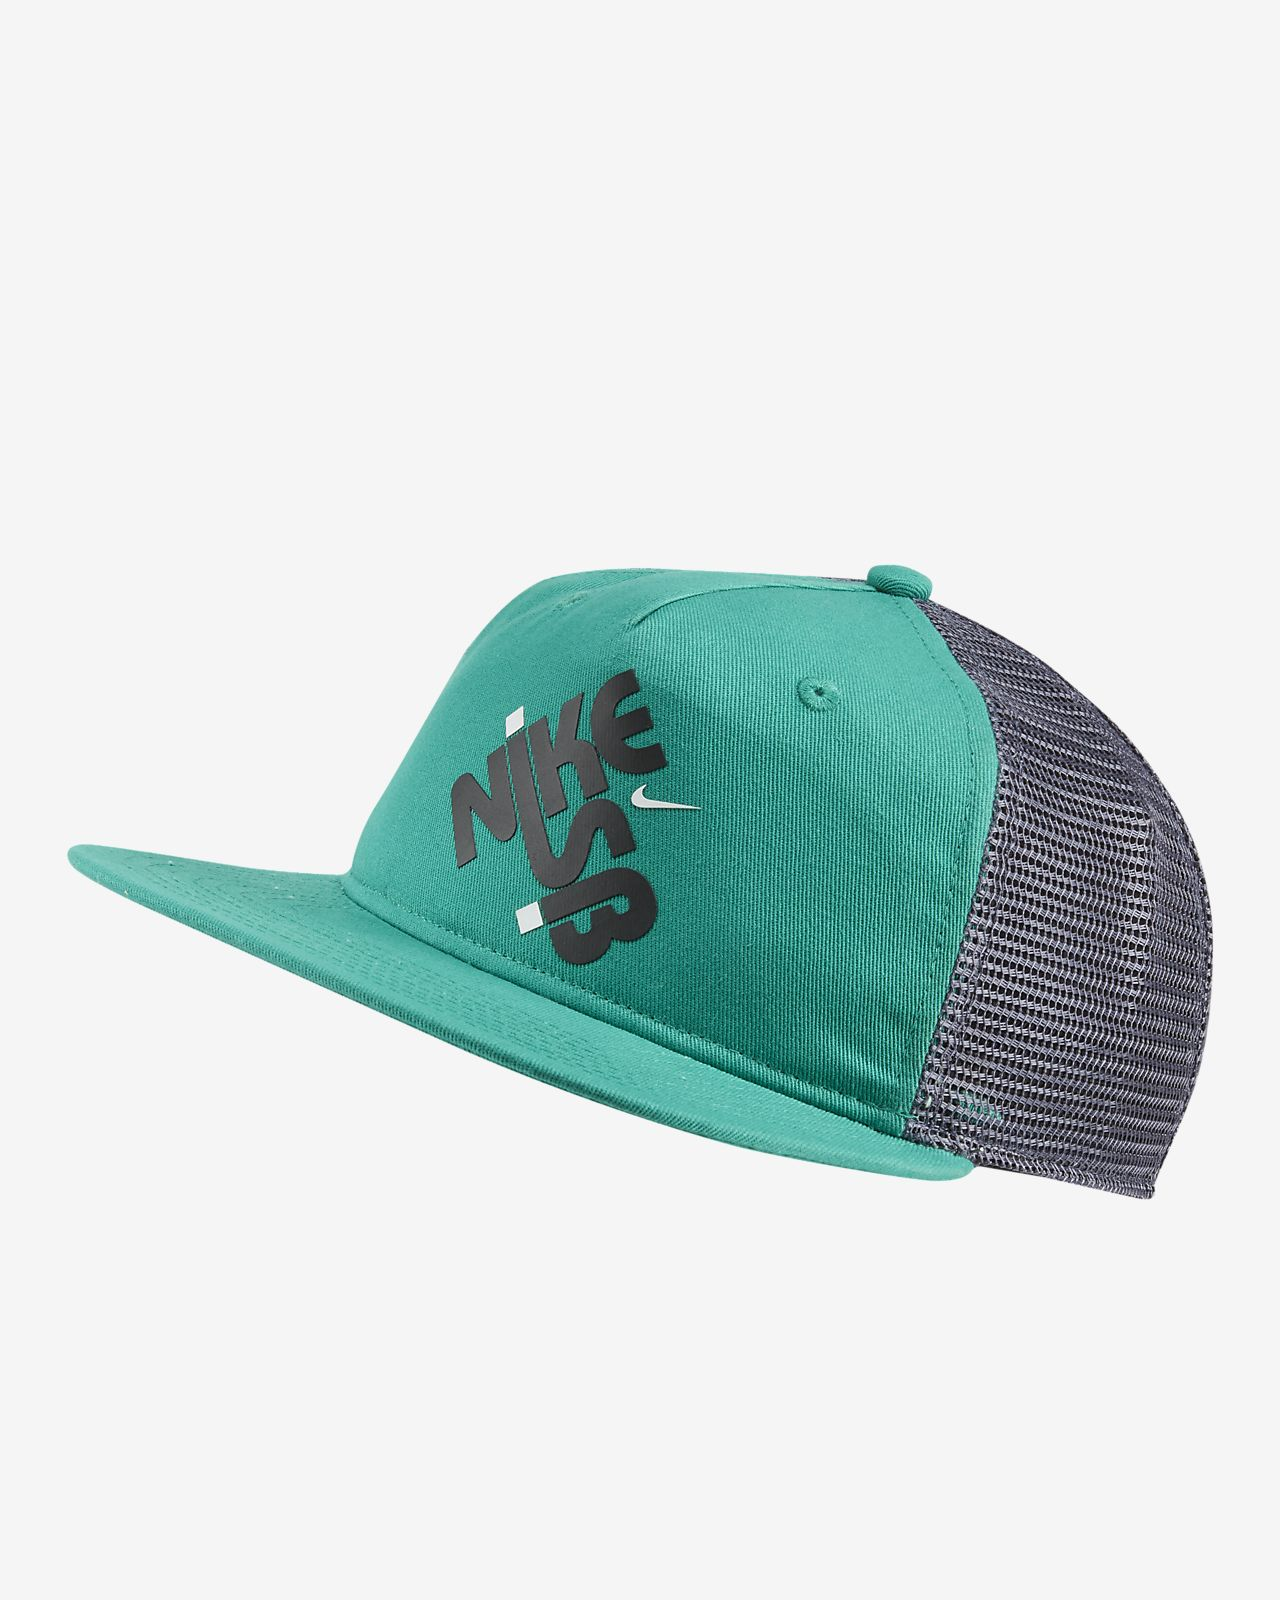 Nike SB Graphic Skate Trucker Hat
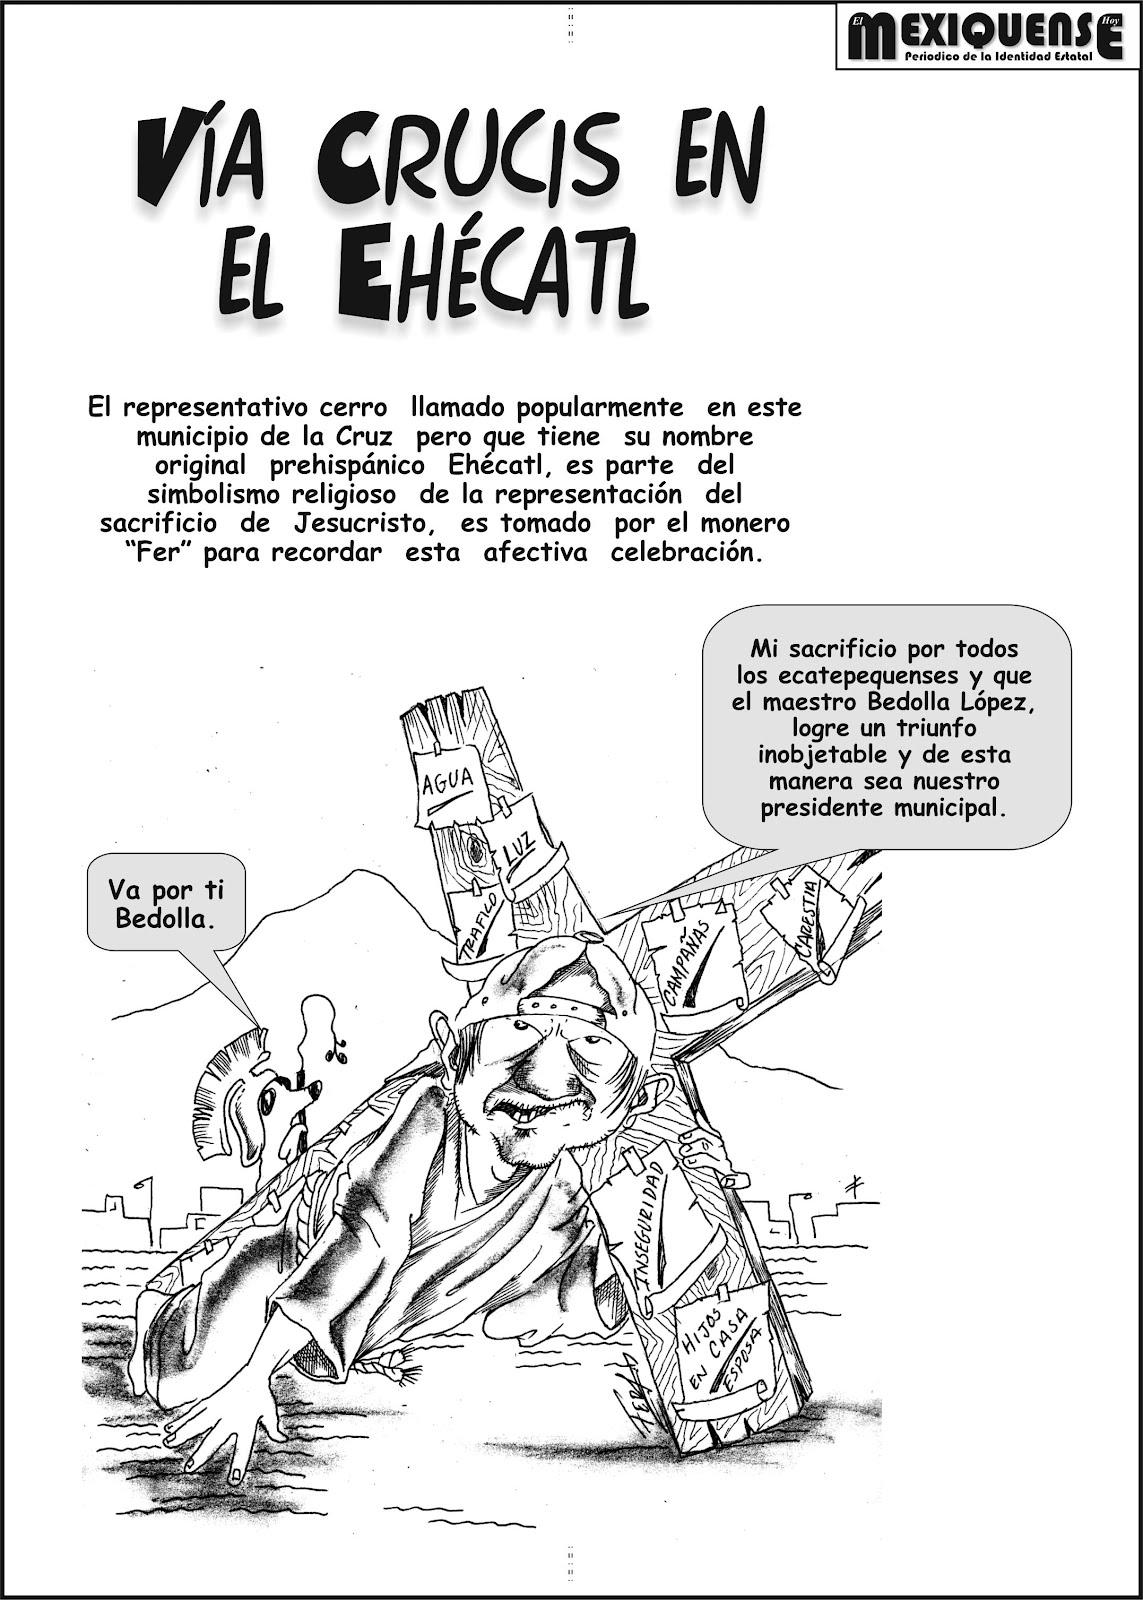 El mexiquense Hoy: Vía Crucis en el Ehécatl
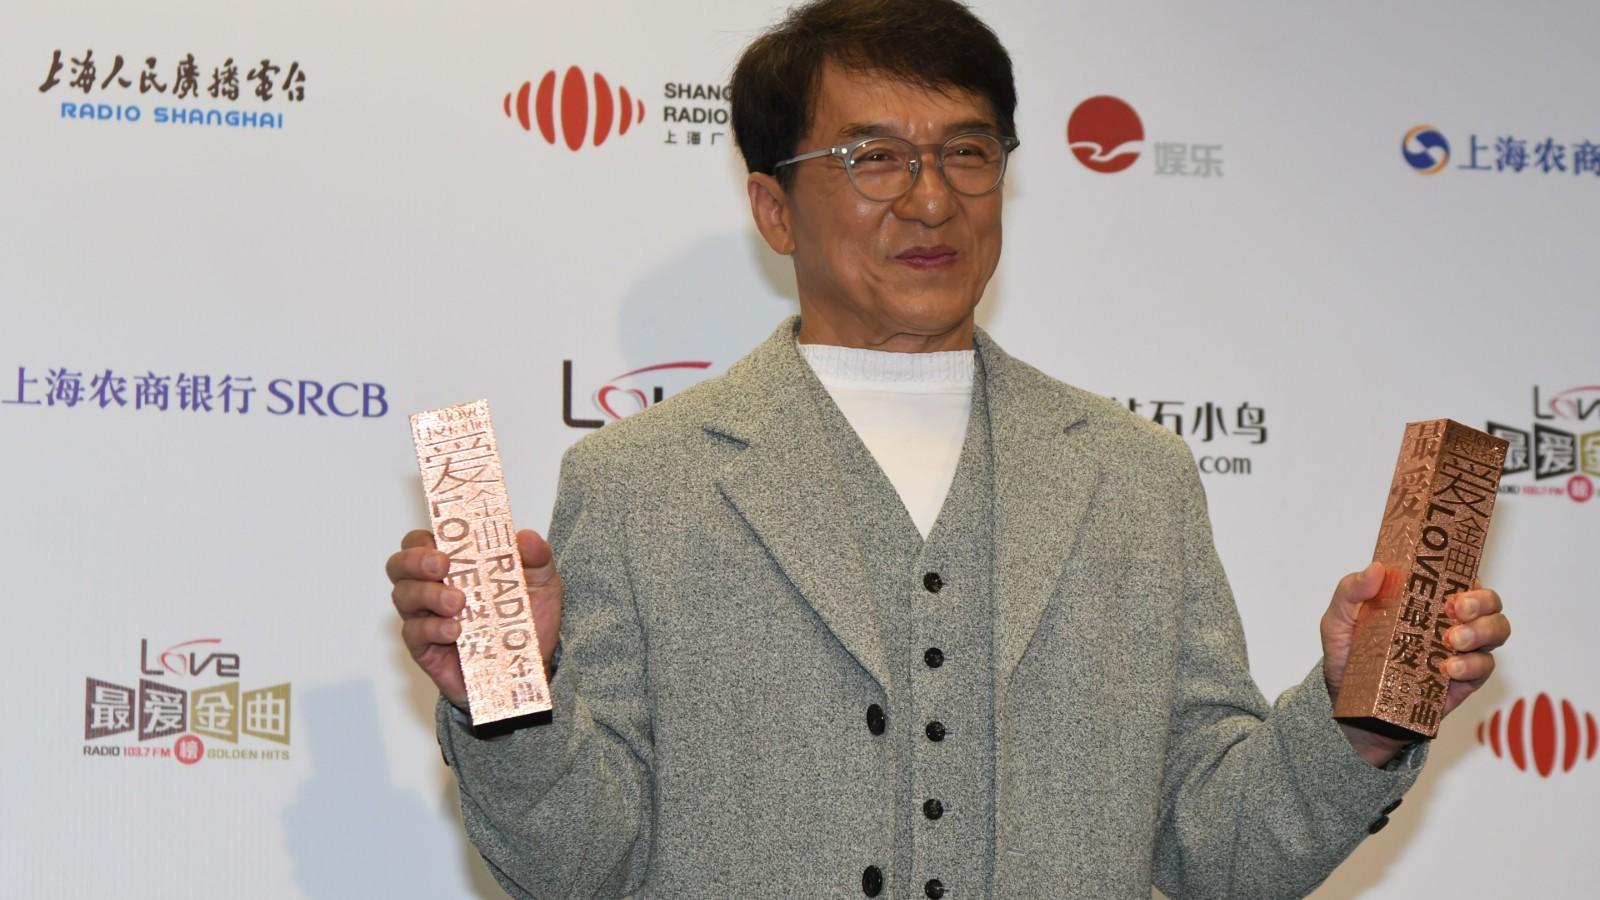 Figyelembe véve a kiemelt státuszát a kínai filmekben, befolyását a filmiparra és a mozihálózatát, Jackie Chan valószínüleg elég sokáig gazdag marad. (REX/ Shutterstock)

---

Requirement: From the material above, write out exactly the lines from the line with "El mexiquense Hoy: Vía Crucis en el Ehécatl" through the closing line, inclusive, and no pictures.

The answer:
 El mexiquense Hoy: Vía Crucis en el Ehécatl
 Figyelembe véve a kiemelt státuszát a kínai filmekben, befolyását a filmiparra és a mozihálózatát, Jackie Chan valószínüleg elég sokáig gazdag marad. (REX/ Shutterstock)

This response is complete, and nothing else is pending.